Naomi parsknęła cicho. – Tylko niech się chłopak nie przestraszy. Słyniesz w Domini z wyjątkowo ciężkiej ręki.

– Jak się przestraszy, to nie jest wart tego, żeby w ogóle o nim mówić – odparła Greta, a w jej oczach błysnęła znajoma stal. Ale wiecie co ? Dla mnie to teraz nieistotne.

Paulina najwięcej czasu spędzała z Bellą  – niemal tak, jakby ich przyjaźń była czymś więcej niż zwykłą bliskością. Odkąd obie na dobre wpisały się w codzienność berlińskiego życia, ich relacja stała się głębsza, uważniejsza. Były dla siebie lustrem i schronieniem. Spotykały się na kawę w ulubionej kawiarni przy Savignyplatz, wspólnie chodziły na zakupy do butików wokół Ku’dammu, czasem po prostu siedziały u jednej z nich, popijając wino i rozmawiając bez końca.

Od tamtej nocy, kiedy Bella została u Pauliny i zasnęły splecione w ciepłym, kobiecym uścisku, nic podobnego już się nie powtórzyło. A jednak – za każdym razem, gdy ich ramiona musnęły się choćby przypadkiem, gdy patrzyły sobie w oczy zbyt długo, gdy śmiały się razem zbyt swobodnie – coś niewidzialnego zawisało w powietrzu. Coś cichego, elektryzującego. Coś, czego żadna z nich nie nazwała.

Bella, z całym swoim włoskim temperamentem, czasem rzucała Paulinie dwuznaczne uwagi – niby żartem, niby lekko – ale jej spojrzenie mówiło więcej. Paulina z kolei potrafiła odpowiedzieć równie błyskotliwą ripostą, choć czasem spuszczała wzrok z uśmiechem, jakby sama nie była pewna, czy to wszystko jeszcze żart, czy już może coś więcej.

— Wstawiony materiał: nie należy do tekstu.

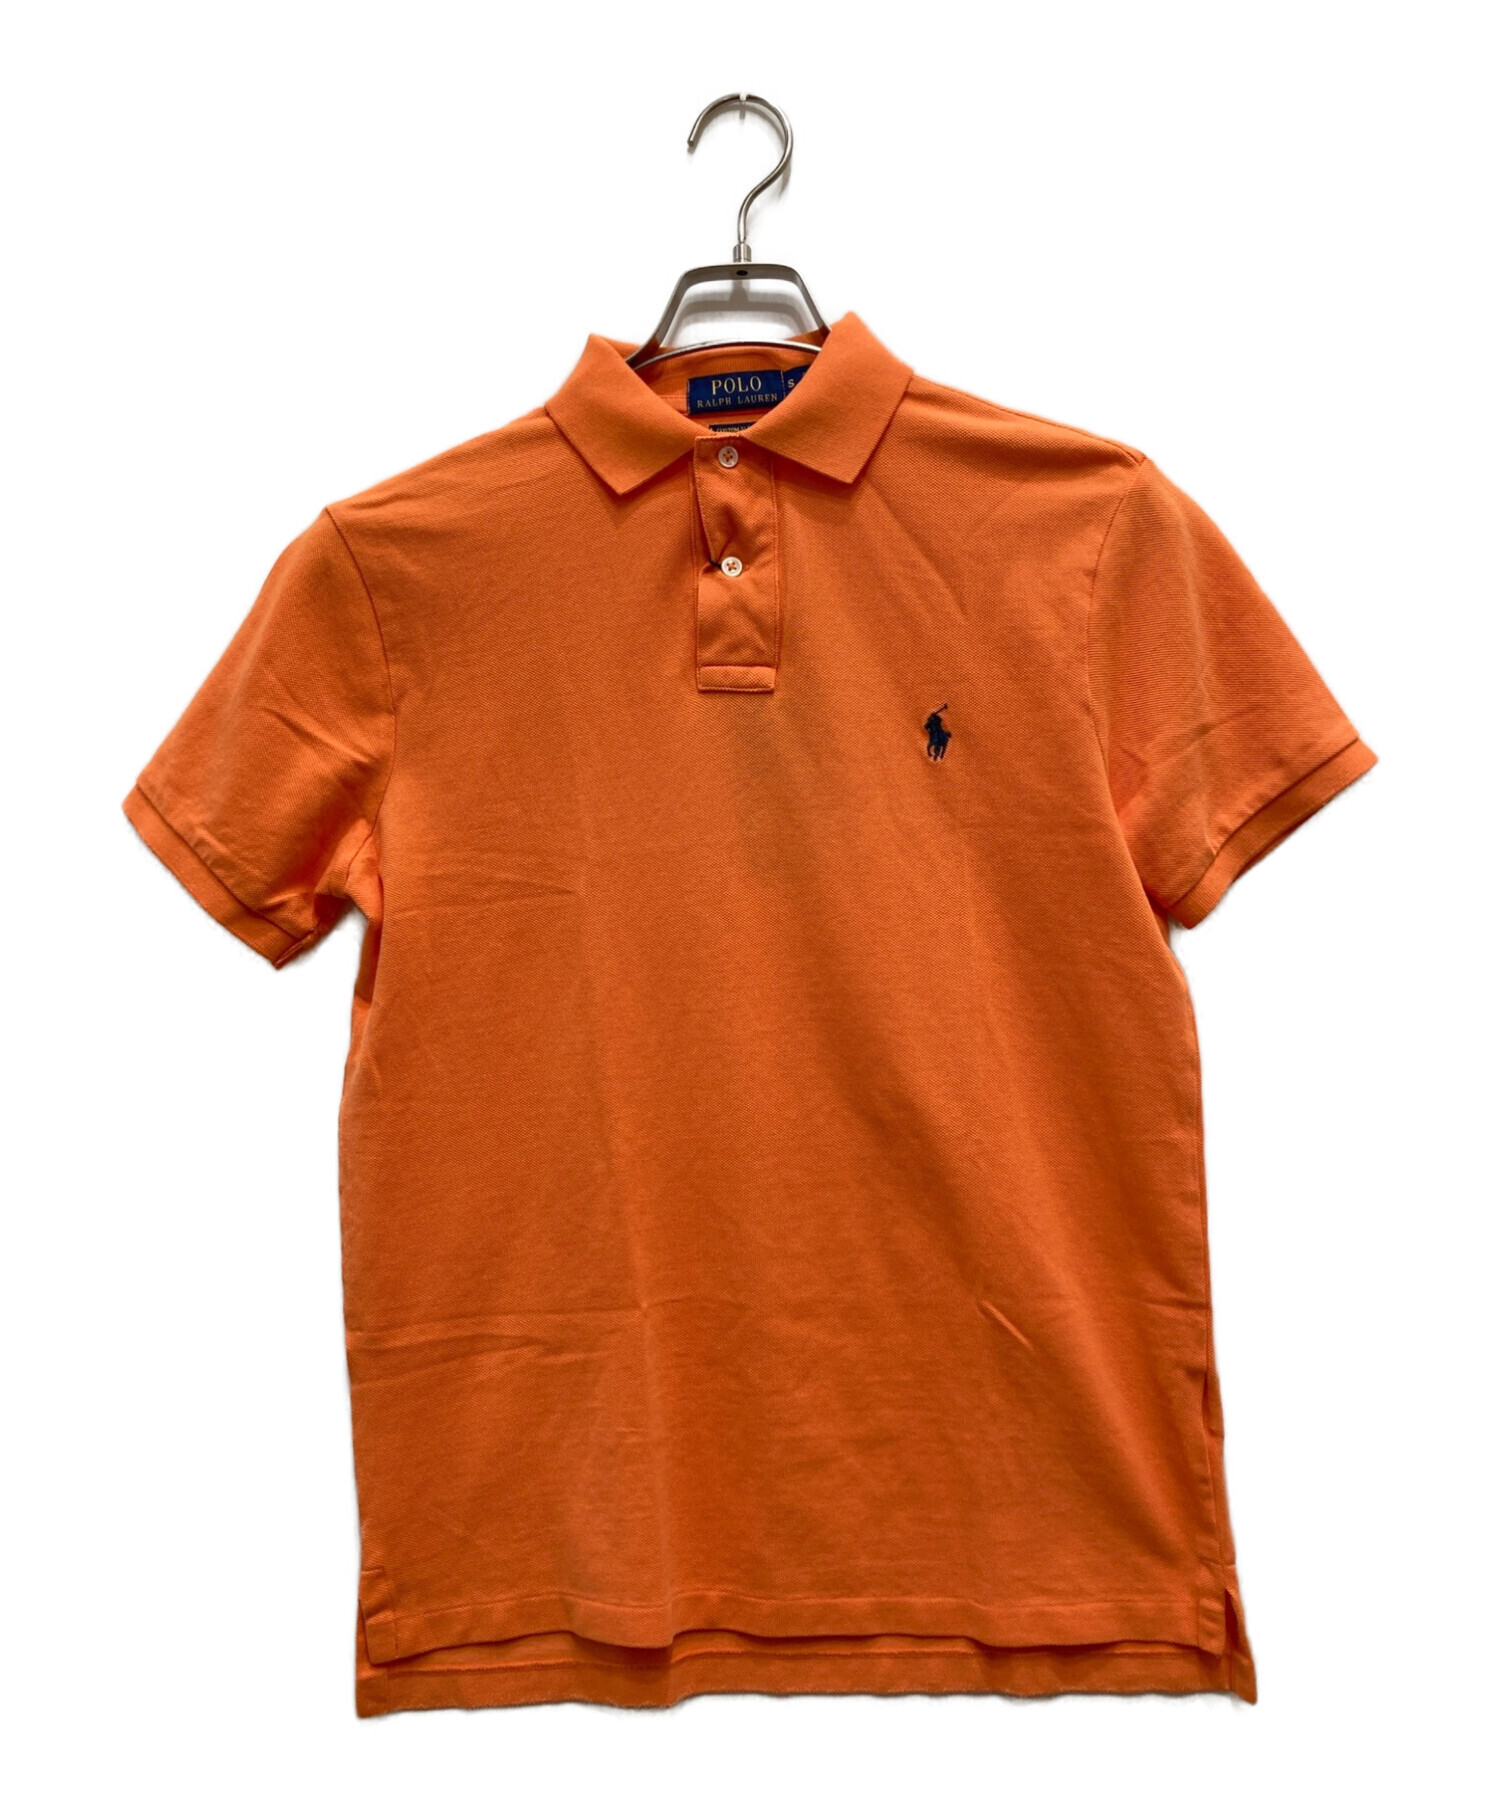 POLO RALPH LAUREN (ポロ・ラルフローレン) ポロシャツ オレンジ サイズ:Ｓ

– Wiesz, Paulina – powiedziała  pewnego wieczoru, kiedy siedziały razem w jej mieszkaniu, sącząc Pinot Nero i jedząc owoce – niektóre rzeczy nie muszą się powtarzać, żeby pozostały wieczne.

Paulina spojrzała na nią uważnie. – A inne... nie muszą się jeszcze zacząć, żeby już były obecne – odpowiedziała cicho.

Nie potrzebowały niczego więcej. Wiedziały, że ich więź jest wyjątkowa. Była jak piękna melodia, która nie musi być grana na głos, by wciąż brzmiała gdzieś w tle – wyraźna, intymna, wibrująca.

---

Późną jesienią Paulinę odwiedzili Olga i Jacek. Przyjechali na kilka dni, korzystając z długiego listopadowego weekendu. Gdy tylko przekroczyli próg mieszkania Pauliny, Olga zdjęła płaszcz i spojrzała chłodno na swojego partnera.

– Rozbieraj się  – powiedziała cicho, lecz z tonem nieznoszącym sprzeciwu.

– Tak, moja Pani – odpowiedział natychmiast, spuszczając wzrok. Bez słowa zdjął ubrania, poskładał je starannie i ułożył przy ścianie w przedpokoju. Był już przyzwyczajony – nagość w obecności kobiet była dla niego normą, nie powodem do wstydu. Znał Paulinę i wiedział, że przyjmie to... zwyczajnie.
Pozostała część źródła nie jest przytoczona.